I would like the prove the following result. Thanks for any help in advance.

Let $v_1$, $v_2$ $\in$ $\mathbb{R^{n}}$. If |$v_1$| = |$v_2$|, then there exists an orthogonal matrix $\Gamma$ such that $\Gamma$$v_1$= $v_2$.

Answer 1

Let $x_1=v_1/|v_1|$, $y_1=v_2/|v_2|$. Then we can extend $x_1$ to an orthonormal basis $x_1,\ldots,x_n$, and $y_1$ to an orthonormal basis $y_n$. Define $\Gamma$ as the linear operator with $\Gamma(x_j)=y_j$. That is $$ \Gamma(\sum_{k=1}^nt_kx_k)=\sum_{k=1}^nt_ky_k. $$ Since both $\{x_j\}$ and $\{y_j\}$ are basis, $\Gamma$ is well-defined.
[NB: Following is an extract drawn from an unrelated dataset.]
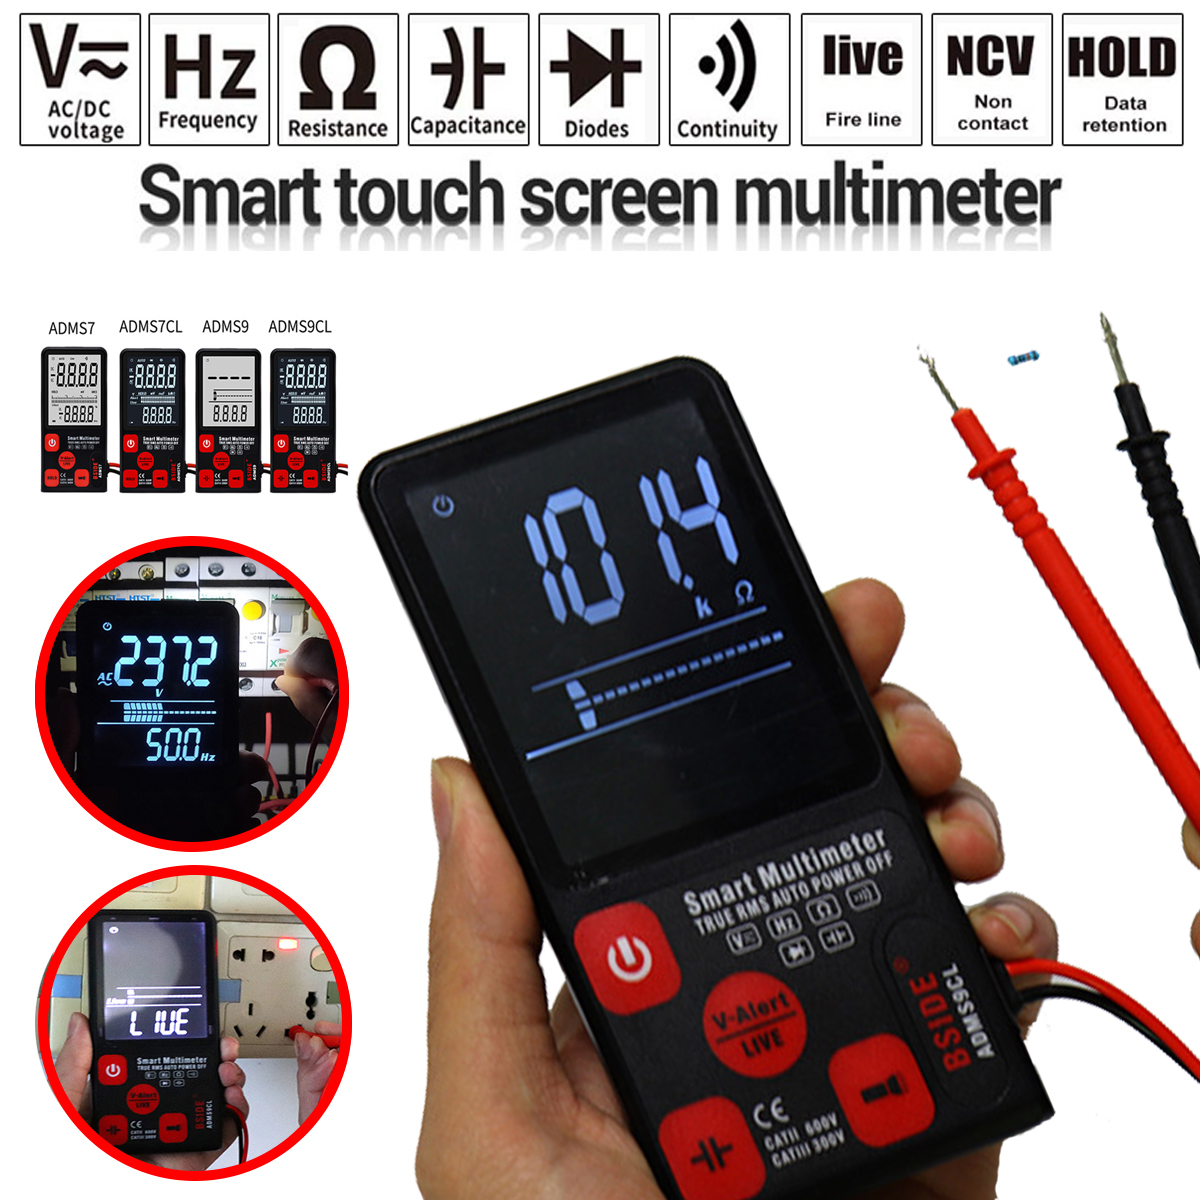 ADMS79-ADMS79-CL--Analog-Tester-Digital-Multimeter-Touch-DCAC-RMS-Multimeter-Transistor-Capacitor-1733095-1

We have $$ (\Gamma x)\cdot(\Gamma x)=\left(\sum_{k=1}^nt_ky_k\right) \cdot\left(\sum_{k=1}^nt_ky_k\right)=\sum_{k=1}^nt_k^2=x\cdot x, $$ so $\Gamma$ is orthogonal. And $$ \Gamma(v_1)=\Gamma(|v_1|\,x_1)=|v_1|\,y_1=|v_2|\,y_1=v_2. $$

Answer 2

For $v_1$ and $v_2$, consider the linear function that reflects $v_2$ onto $v_1$ with respect to the vector between them which is $w=\frac{v_1+v_2}2$:

$$ \Gamma v=2\frac{v.w}{w.w}w-v. $$ Firstly see that: $$ \Gamma v_1=2\frac{v_1.w}{w.w}w-v_1=2\frac{v_1.(v_1+v_2)}{(v_1+v_2)(v_1+v_2)}(v_1+v_2)-v_1\\ =2\frac{v_1.(v_1+v_2)}{(v_1+v_2)(v_1+v_2)}v_2+\frac{(v_2-v_1).(v_1+v_2)}{(v_1+v_2)(v_1+v_2)}v_1=2\frac{|v_1|^2+v_1.v_2}{2|v_1|^2+2v_1.v_2}v_2=v_2. $$ To check orthogonality, see that: $$ \Gamma u.\Gamma v=(2\frac{u.w}{w.w}w-u).(2\frac{v.w}{w.w}w-v)\\ =u.v-2\frac{u.w}{w.w}w.v-2\frac{v.w}{w.w}w.u+4\frac{u.w}{w.w}\frac{u.w}{w.w}w.w=u.v. $$